No, I got your point, and it is valid. I simply contend that you get the same clearance just by turning the comb on a slight diagonal in the straight-sided hive. Not as MUCH clearance, but plenty. 

However, the more I study these matters the more I think that I have built my last straight sided hive. Fortunately they are SO easy to rebuild. 
Ox


----------



## beekeeper28 (Nov 27, 2002)

I was glad to see someone mention plywood and 2x scap lumber. I have a lot of 1/2" and 3/4 plywood scraps and some 2x scaps as well. (I'm building a house). I have been thinking about design that would work with plywood. I was thinking about making a 1x2 frame and then glueing and screwing the plywood to it. With 1x2 edging to the outside and the plywood to the inside of the hive. The 1x2 would serve as a nailer so the sides could be attached. What do y'all think of this method?


----------



## Michael Bush (Aug 2, 2002)

>I was glad to see someone mention plywood and 2x scap lumber. I have a lot of 1/2" and 3/4 plywood scraps and some 2x scaps as well. (I'm building a house). I have been thinking about design that would work with plywood. I was thinking about making a 1x2 frame and then glueing and screwing the plywood to it. With 1x2 edging to the outside and the plywood to the inside of the hive. The 1x2 would serve as a nailer so the sides could be attached. What do y'all think of this method? 

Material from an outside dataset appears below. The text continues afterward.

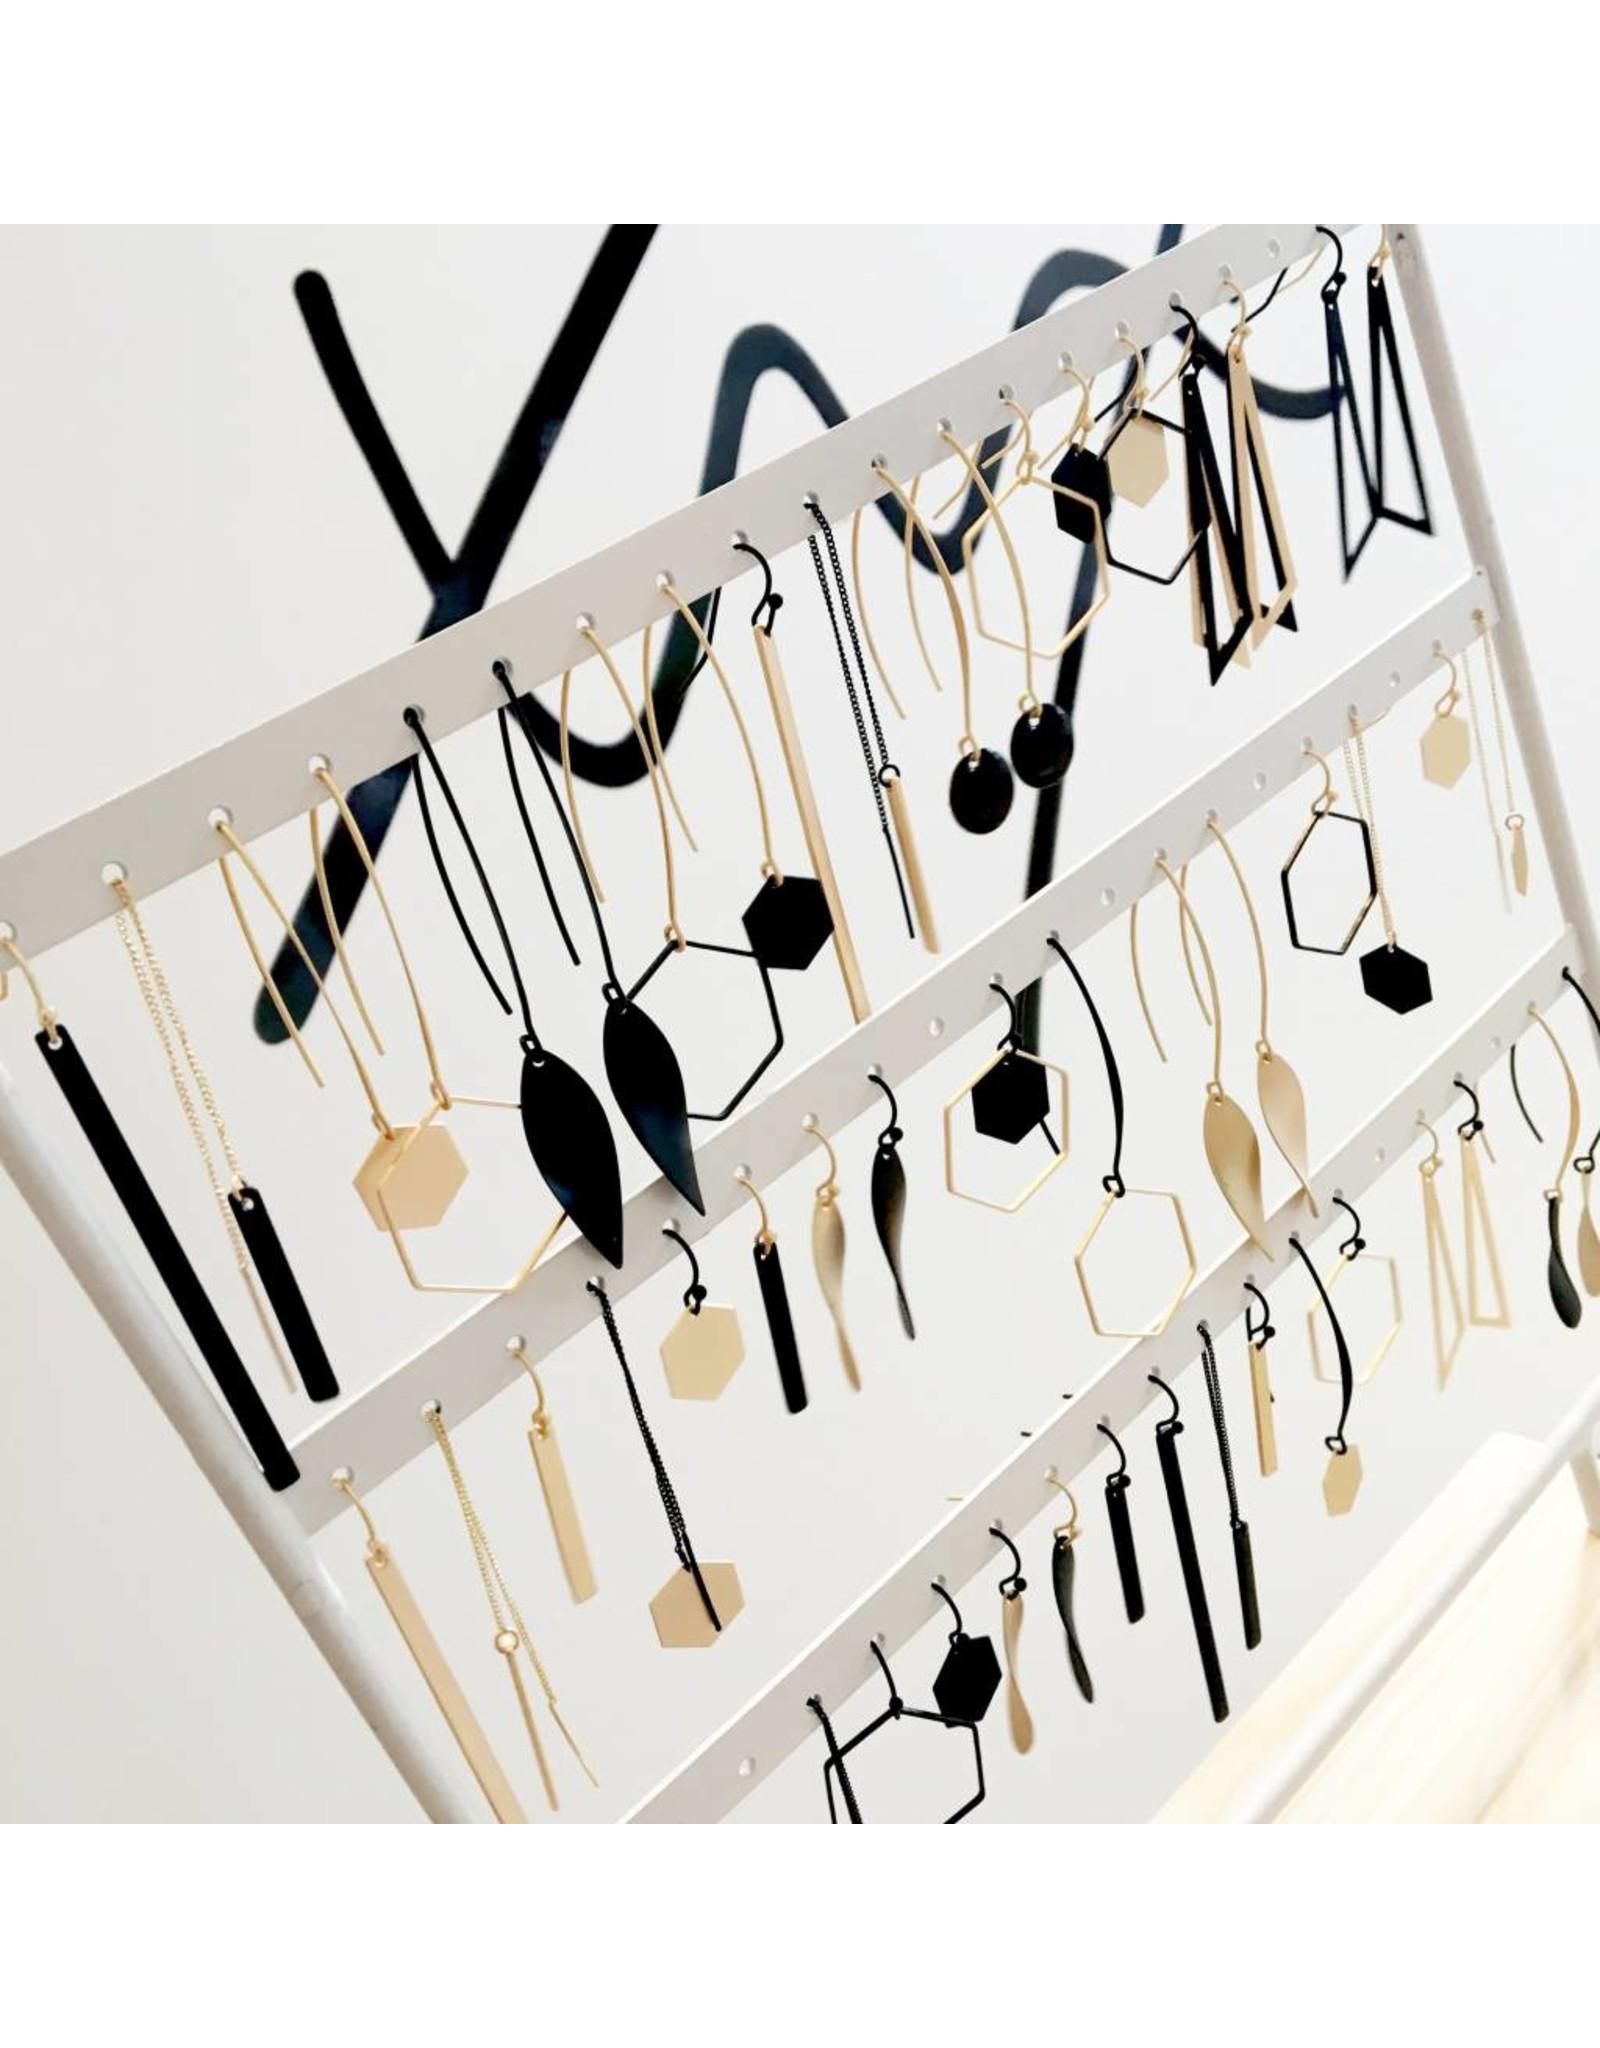 oorbEllen mix&match staafje kort mat zwart doortrekker goud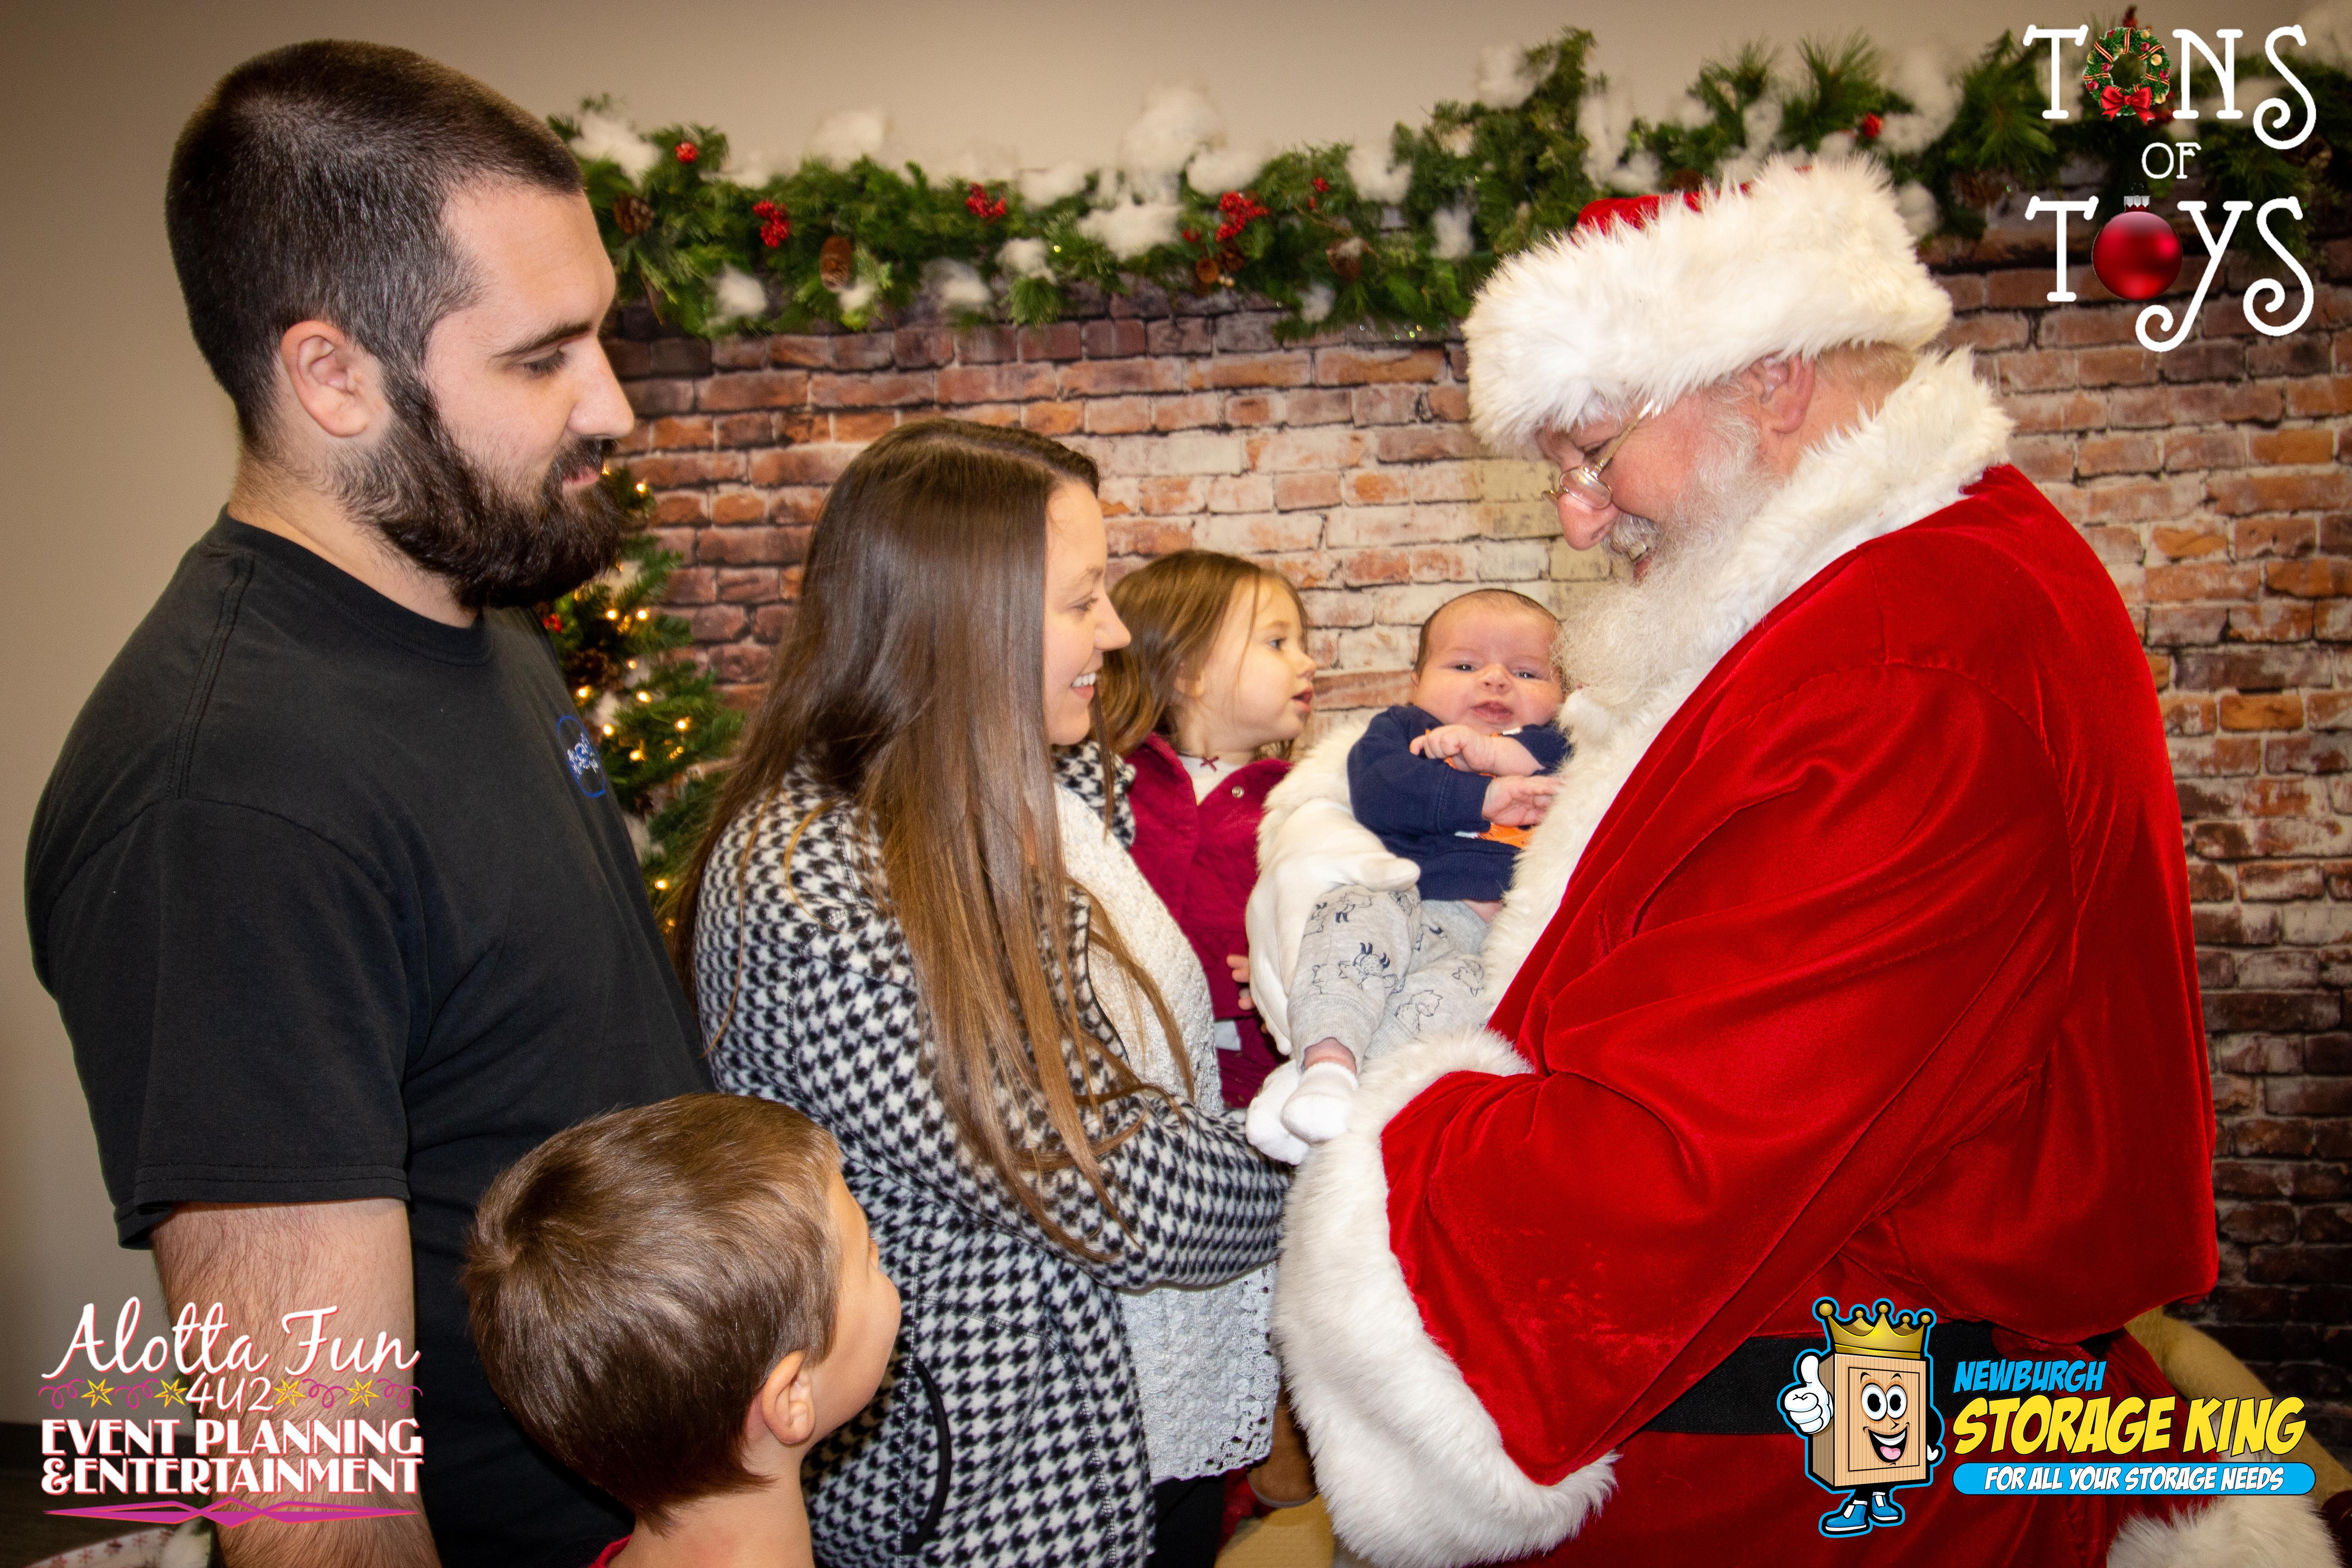 family gathered around santa holding baby

If you design it right it will work very well. I use 1 x 2 frames around sheets of PlexiGlas for my lanstroth size observation hives.


----------



## Oxankle (Jan 8, 2004)

B28:

If you will build your end pieces out of 2x material you will not need any nailers there. You might want to use a nailer where the sides attach to the bottom, but the 2x end pieces work fine. (I'm thinking 1/2 inch plywood and up. Thinner plywood and you might want bracing on the top edges too. I am using 2x end pieces and am sold on that method. 
Ox


----------



## Hillbillynursery (Nov 13, 2003)

I made one lang box out of 3/4 plywood that was scrapped. The problem I found with plywood(but have not had with advantech chipboard) was when prying inner cover off it splintered alot. My idea was to use 2Xs for the end and then tack a 3/4 X 2 board across the top for the top bars to rest on for easy prying up. This will also add strength to the plywood so it will not bow outward. But plywood is much cheaper than solid wood.


----------